1. Introduction
Energy harvesting (EH) from environmental energy sources such as vibrations, wind, heat, solar power etc., has attracted significant research interest due to the growing demand for energy. Vibration energy harvesting is the conversion of the ambient vibrations into electrical energy and provides a viable solution for powering small electronic components. Among the principles of energy conversion, piezoelectricity is known as one of the most efficient and practical way for conversion of mechanical vibration energy into electrical energy [
1,
2].
Piezoelectric energy harvesters (PEHs) have attracted research interest because of the high conversion efficiency compared to electromagnetic and electrostatic based harvesters [
2]. However, efficiency of PEH systems depends on several parameters such as material properties, geometric dimensions, electric circuit components, etc. Conventional piezoelectric materials, such as lead-based piezoceramics, are brittle in nature and difficult to manufacture. Despite the high electromechanical response of lead-based piezoelectric ceramics, the problem of brittle nature has not been effectively solved for a long time. To overcome these drawbacks, new flexible piezoelectric composite materials have attracted attention of the research interest [
3]. These new type of piezoelectrics are suitable for wearable energy harvester applications. Wearable energy harvesting focuses on the fabrication of reasonable-cost smart garments using special nanostructure piezoelectric fibers that make use of the vibrations due to the natural movements of the body [
4,
5]. Various materials are proposed, e.g., barium titanate and polyvinylidene fluoride, with satisfactory results, indicating the potential for industrial mass production of commercial devices. However, this approach seems more appropriate for personalized sensoring and monitoring applications in everyday life, such as patient monitoring, robotic assistance, etc.
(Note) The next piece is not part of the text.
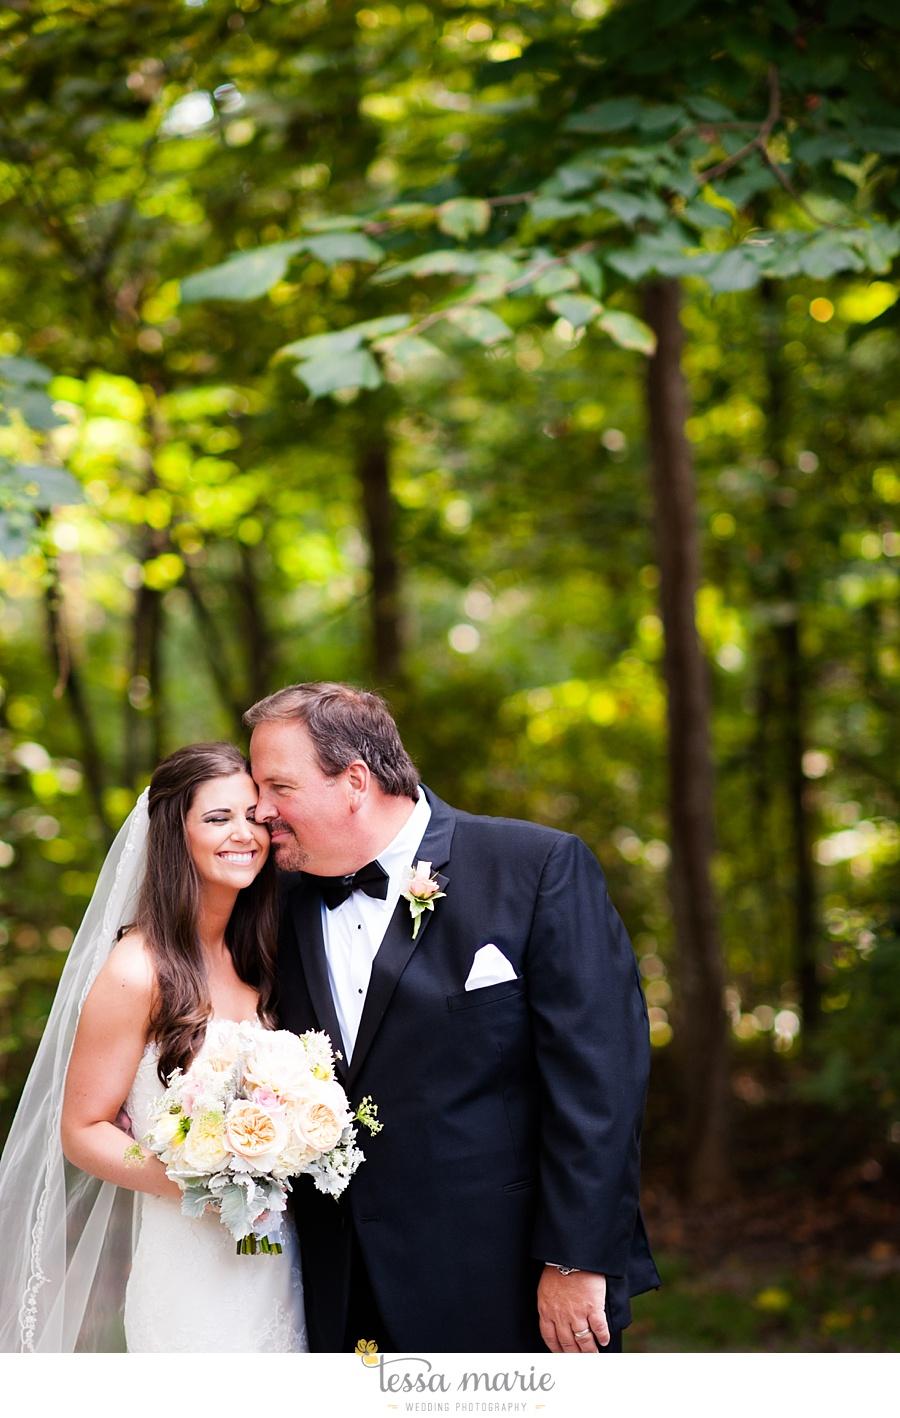 outdoor_wedding_pictures_marietta_sweethearts_candid_emotional_tessa_marie_weddings_0117

Piezoelectric energy harvesters are typically designed as cantilever beams or plates with one or two piezoceramic layers covering the structure either entirely or partially. Several methods have been employed to model the electromechanical behavior of a PEH. The works of Erturk and Inman [
6,
7] present analytical distributed electromechanical models for unimorph and bimorph cantilever beam which provides closed form expressions for harmonic behavior of PEHs. Based on classical laminated theory, a distributed parameter electroelastic model was developed in [
8] for piezoelectric energy harvester structurally integrated to cantilever composite beam. Electrical and mechanical closed form steady state solution response have been obtained by harmonic base excitation.
On the other hand, the finite element method has proven to be very useful in modeling the dynamics of PEHs [
9,
10,
11]. A coupled electromechanical finite element (FE) model for predicting the electrical power output of piezoelectric energy harvester plates was presented in [
9]. The FE formulation is based on the Kirchhoff plate assumptions which is suitable for modelling thin structures. Additionally in this paper, an optimization problem for aluminum wing spar generator of an unmanned air vehicle (UAV) was solved for the maximum electrical power without exceeding a prescribed mass addition limit.
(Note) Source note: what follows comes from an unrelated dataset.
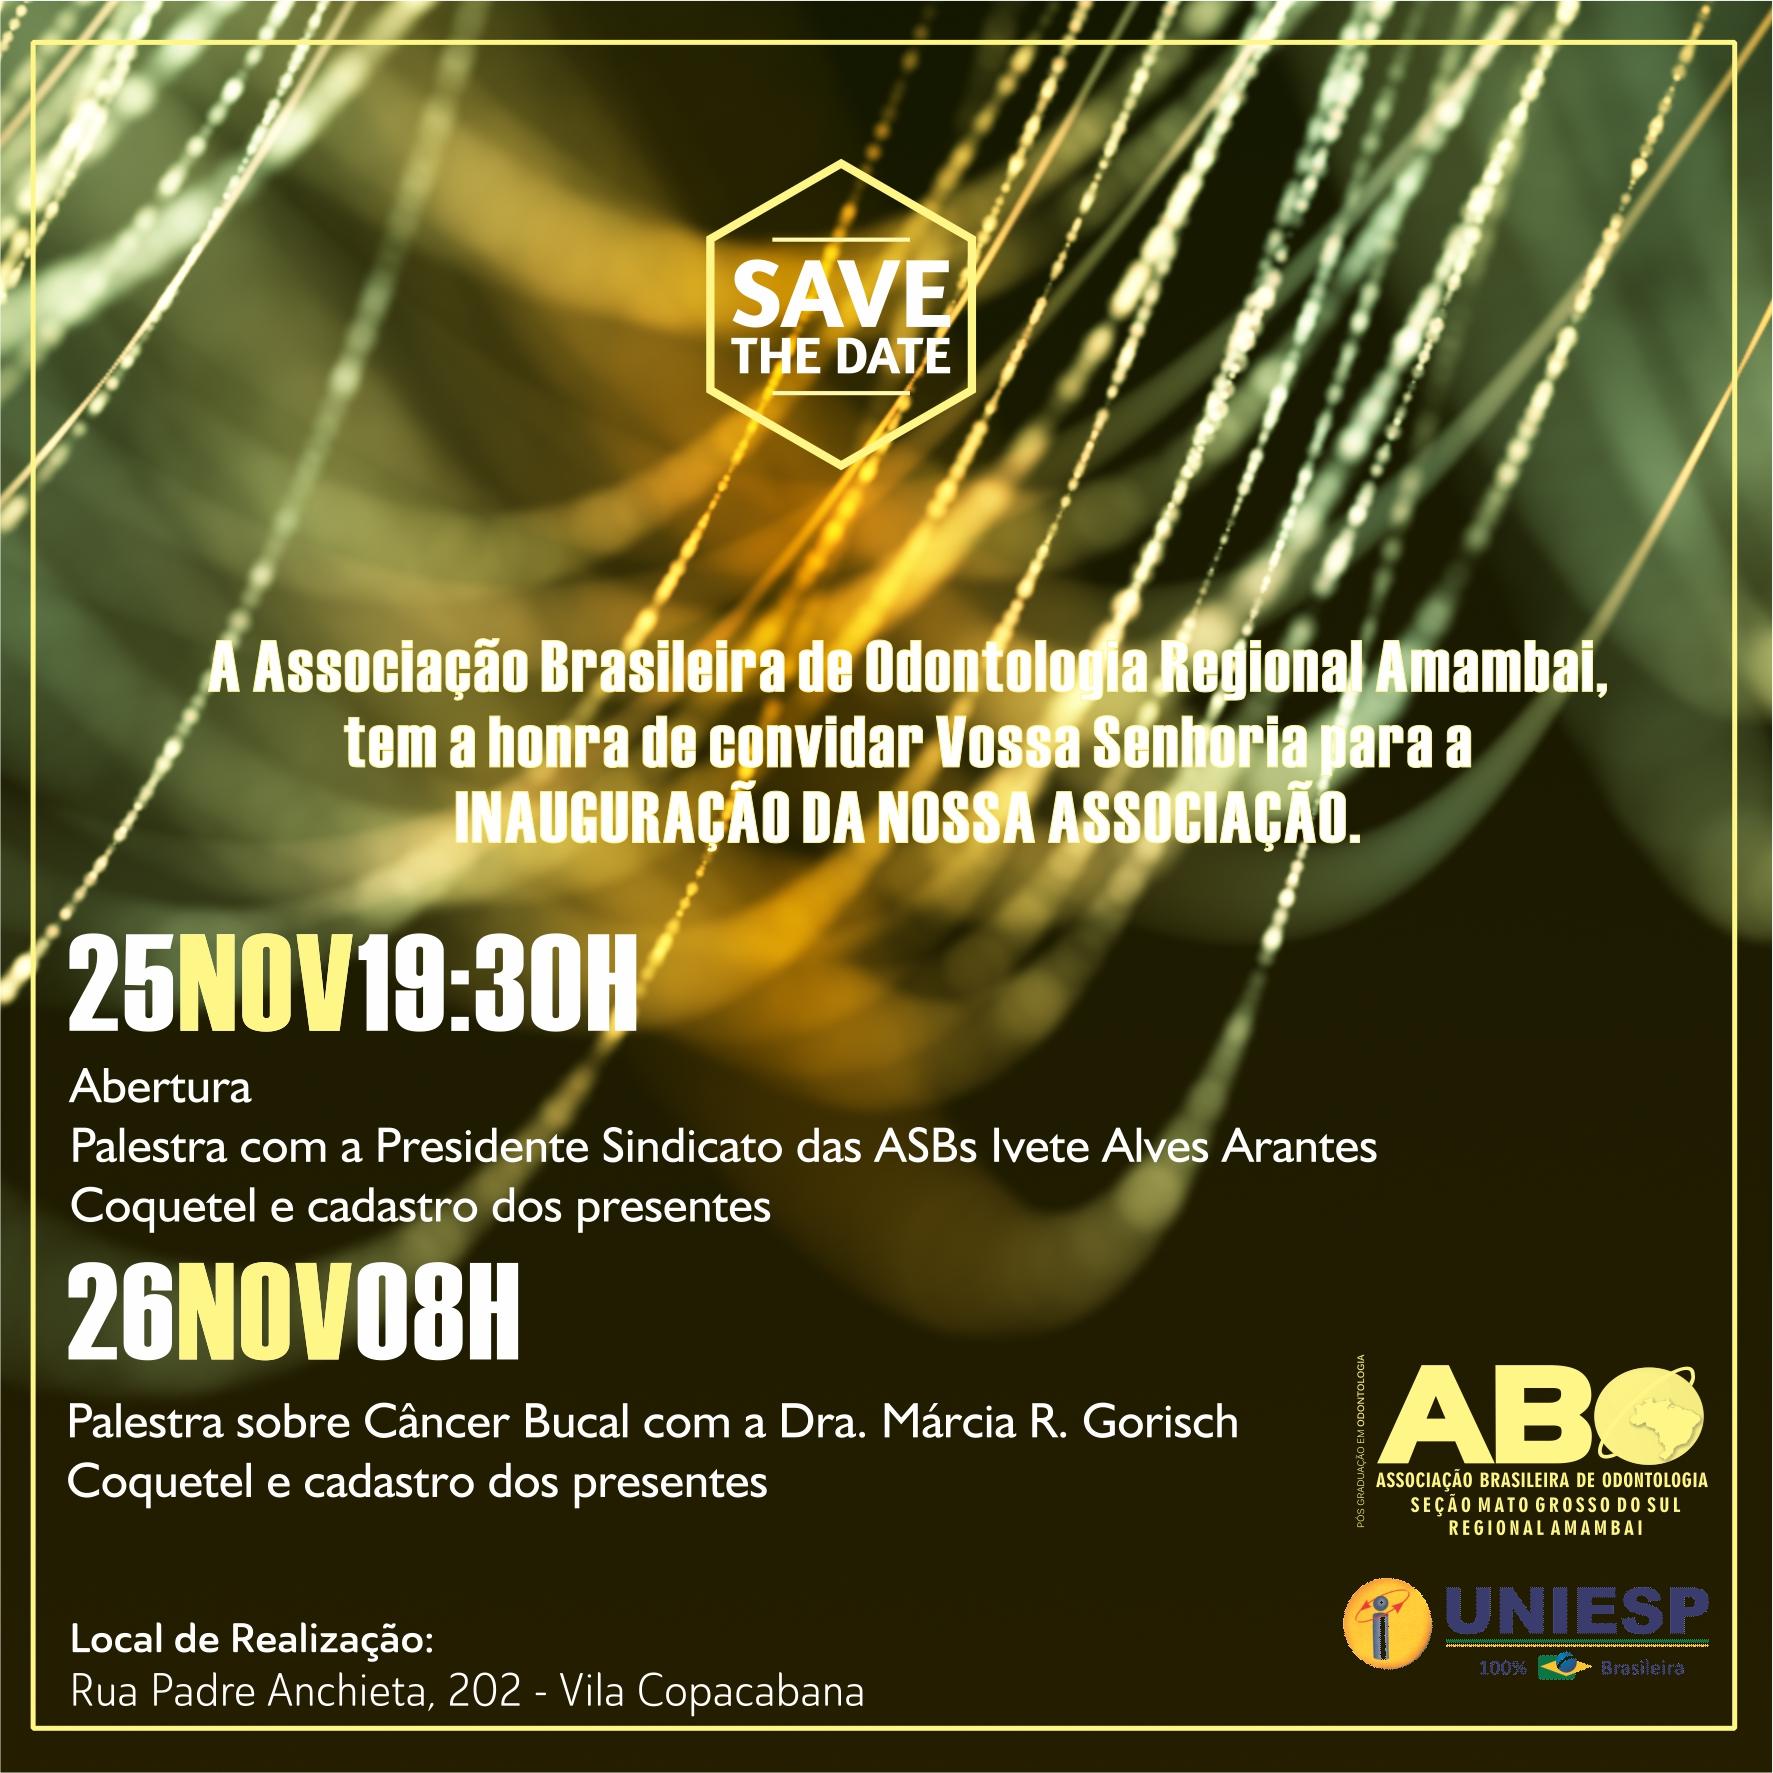 ABO-Amambai realiza evento de lançamento da entidade

Most analytical and FE models of PEHs are based on classical beam/plate theories which ignore shear stresses and are suitable for modelling thin structures. However, for accurate modeling of thick PEH for various applications, such as aircraft wing structure or wind turbine blade, higher order shear deformation theories are needed. Recently, Khazaee et al. [
11] developed a coupled electromechanical model for non-uniform piezoelectric energy harvesting composite laminates based on third-order shear deformation theory. The presented high-order shear FE model also considers the contact layer thickness in the harvester beams, non-uniformity in the piezoelectric sheet, non-constant thickness of the piezoelectric sheet and is suitable for analysis of a wider range of problems in piezoelectric harvesting.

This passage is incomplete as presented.